We hold hope and despair, one in each arm, and we cradle them close to our chest, because they both have something important to say at every moment. ~ Kaitlin B. Curtice, Glory Happening

A few days before Natalie and I traveled to Rwanda, she hit her head on the side of the neighborhood pool. She’d been gliding along the pool floor with a friend and accidentally swam right into the wall, resulting in a skinned nose and bruised forehead. Natalie laughed it off, but I worried. I thought getting her checked out by a medical professional would ease my angst, but even after that, I still worried that people we met along our travels would question her, perhaps causing us to be detained or separated. But in the end, the only people who noticed and inquired about Natalie’s lacerations were the children we bonded with at the Togetherness Youth Cooperative.

At least once a day, a child would reach up and softly touch the bruised scab on Natalie’s forehead, voicing concern in Kinyarwanda.

Using her hands, Natalie would entertainingly demonstrate running into a wall and then say these assuring words, “I am okay. I am okay.”

The children would smile back and breathe a sigh of relief.

She is okay.

I didn’t think about Natalie’s words or that scab on her forehead again for six months after our trip. But the moment I did marked the end of an era of pain and the beginning of a message of hope.

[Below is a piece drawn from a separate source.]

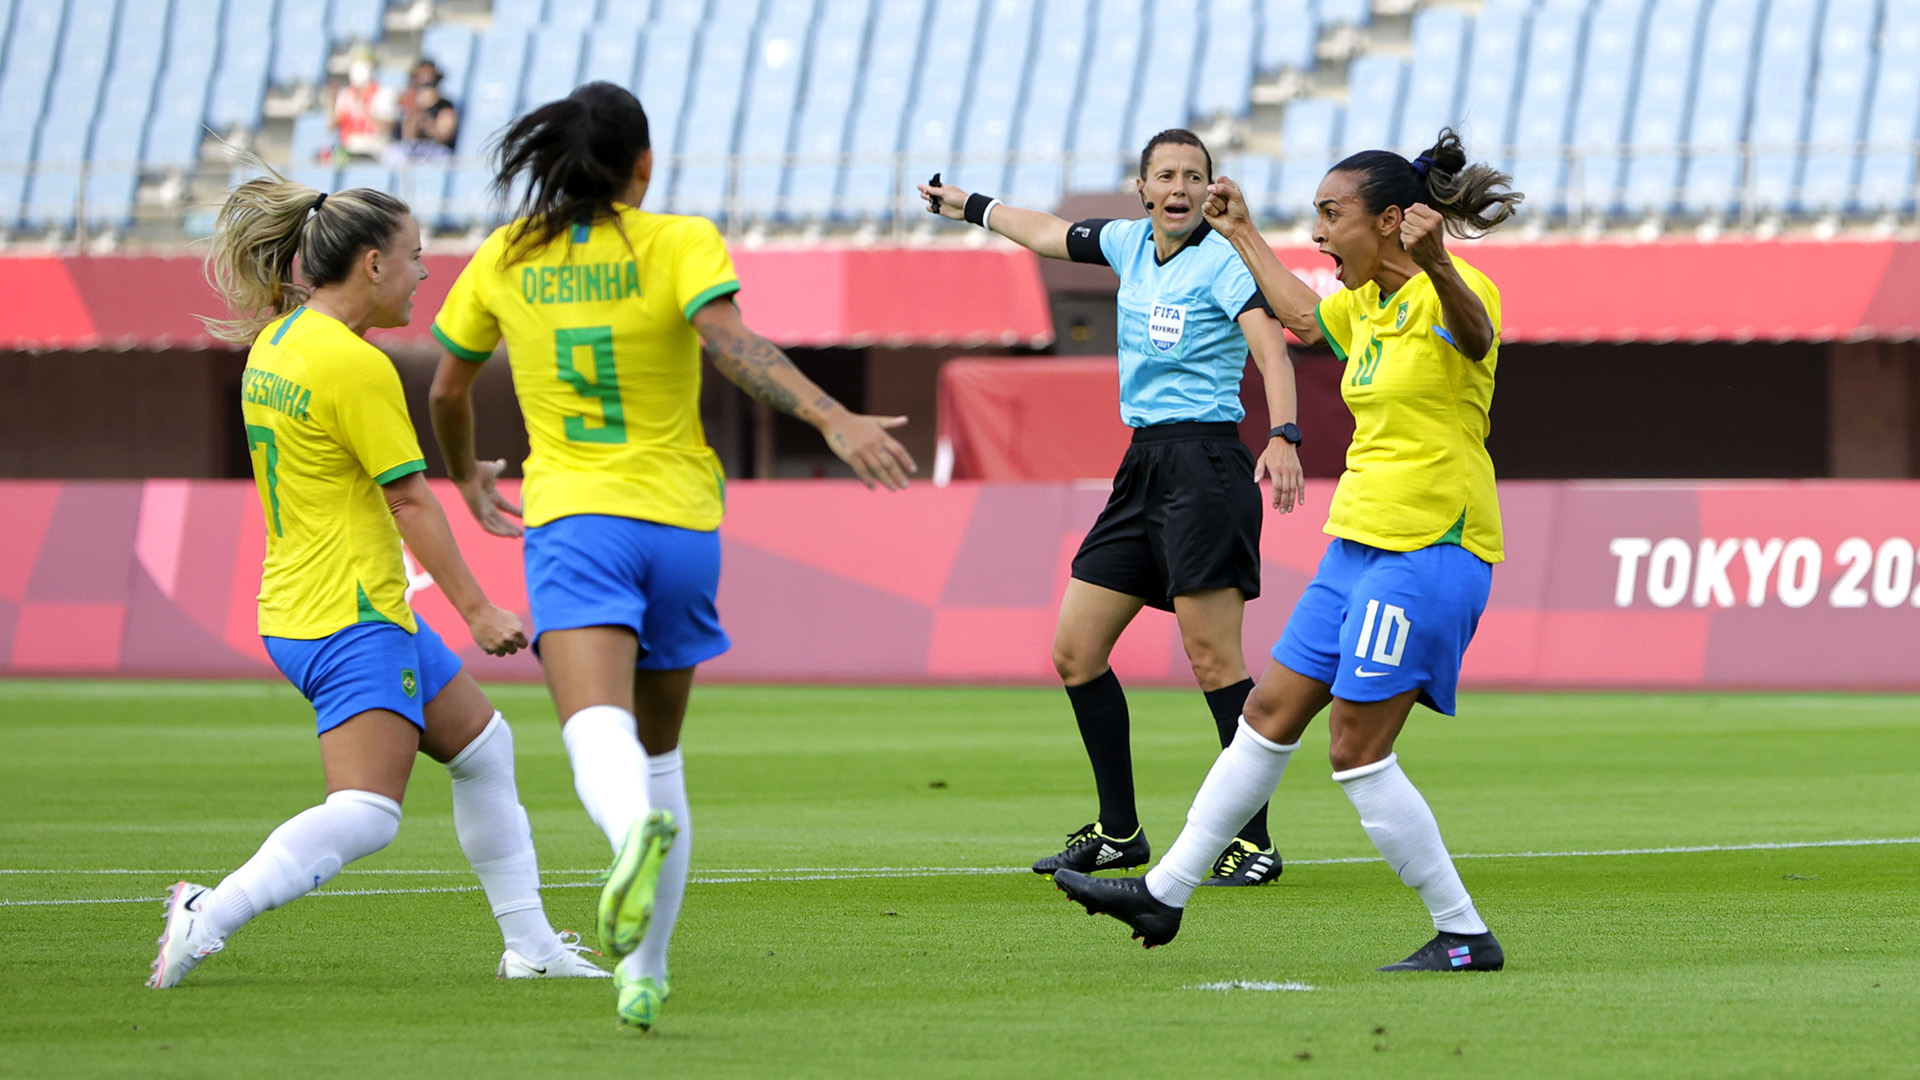 Tokyo Olympics 2020: Marta creates history by becoming first footballer to score in five consecutive Olympic games

It had been a difficult couple of weeks. Due to some frustrating and disheartening circumstances in my professional and personal life, I was operating with a heightened level of internal tension, a state capable of reducing me to old, unhealthy patterns. The hairline fractures in my mood and demeanor did not go unnoticed by my firstborn child, who seems to see me more clearly than anyone else. During that stressful period, Natalie observed symptoms of fear, vulnerability, and anxiety in me. She instinctively knew that, left untreated, those fractures would intensify to cracks and maybe even break, so she addressed them with love and concern.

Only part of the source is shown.